Caplan: There are a few large, broad concerns that I think platforms are going to still have problems addressing — how to make policies against disinformation consistent and contextual while allowing and enabling other forms of communication to flourish … Microtargeting has also got to stop.

That is really where we’re seeing a lot of disinformation spread continue to flourish. … These platforms say as long as people are advertising on their networks they want it to be relevant to individual users, and I completely understand that. As a user, I tend to actually like when ads are targeted specifically toward me. When that comes to political issue ads though, that does not need to be the case. We should not have the functionality to be able to do microtargeting for political ads.

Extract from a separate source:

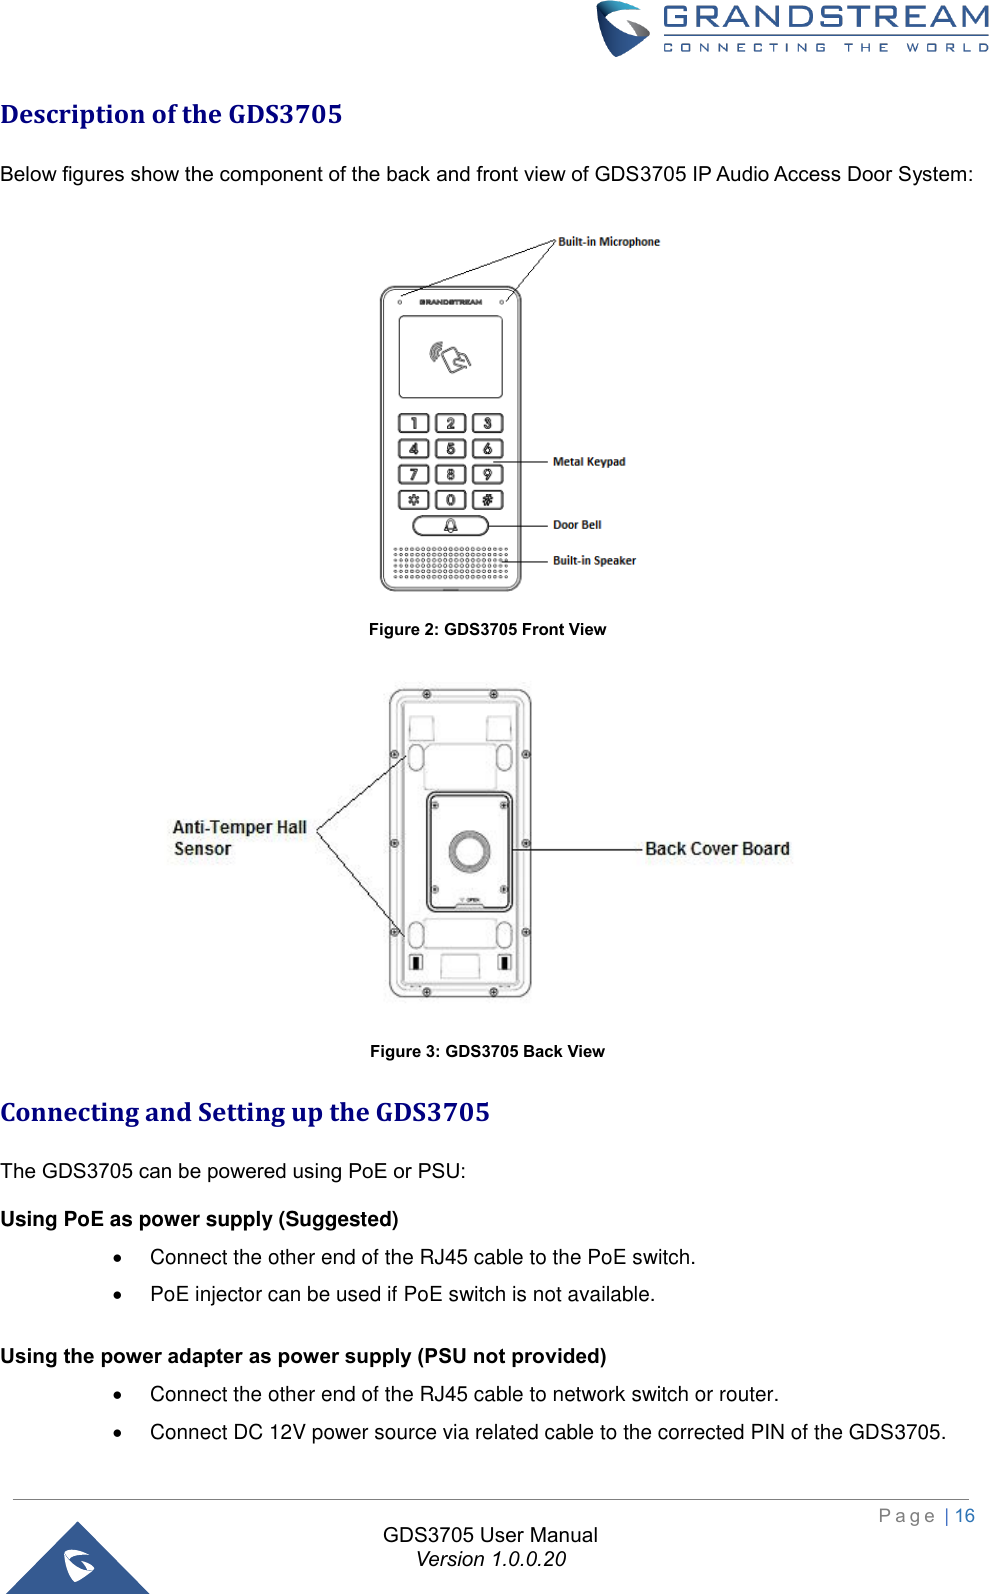                                                                         P a g e  | 16  GDS3705 User Manual Version 1.0.0.20 Description of the GDS3705 Below figures show the component of the back and front view of GDS3705 IP Audio Access Door System:  Figure 2: GDS3705 Front View  Figure 3: GDS3705 Back View Connecting and Setting up the GDS3705 The GDS3705 can be powered using PoE or PSU: Using PoE as power supply (Suggested)  •  Connect the other end of the RJ45 cable to the PoE switch. •  PoE injector can be used if PoE switch is not available.   Using the power adapter as power supply (PSU not provided)  •  Connect the other end of the RJ45 cable to network switch or router. •  Connect DC 12V power source via related cable to the corrected PIN of the GDS3705.

Scott: Ad transparency. That’s the easiest place for all the companies to be transparent, because there’s a transaction behind every one of those content websites. Someone bought the right to put an ad in front of you. And that’s much easier to regulate and control as a platform than user-generated content from any given account. They have all put forward different forms of transparency on political ads. But they’re very different in terms of how far they’ve been willing to go.

Senator Warner I think there are still more questions about identification [of bots]. These are technically hard to do, I will acknowledge, but if somebody is tweeting or posting a message on Facebook that says “This is Mark Warner from Alexandria Virginia,” but the post is originating in Saint Petersburg, Russia — hell, maybe you don’t take it down, but maybe you indicate this is not being pushed from where this person says it is.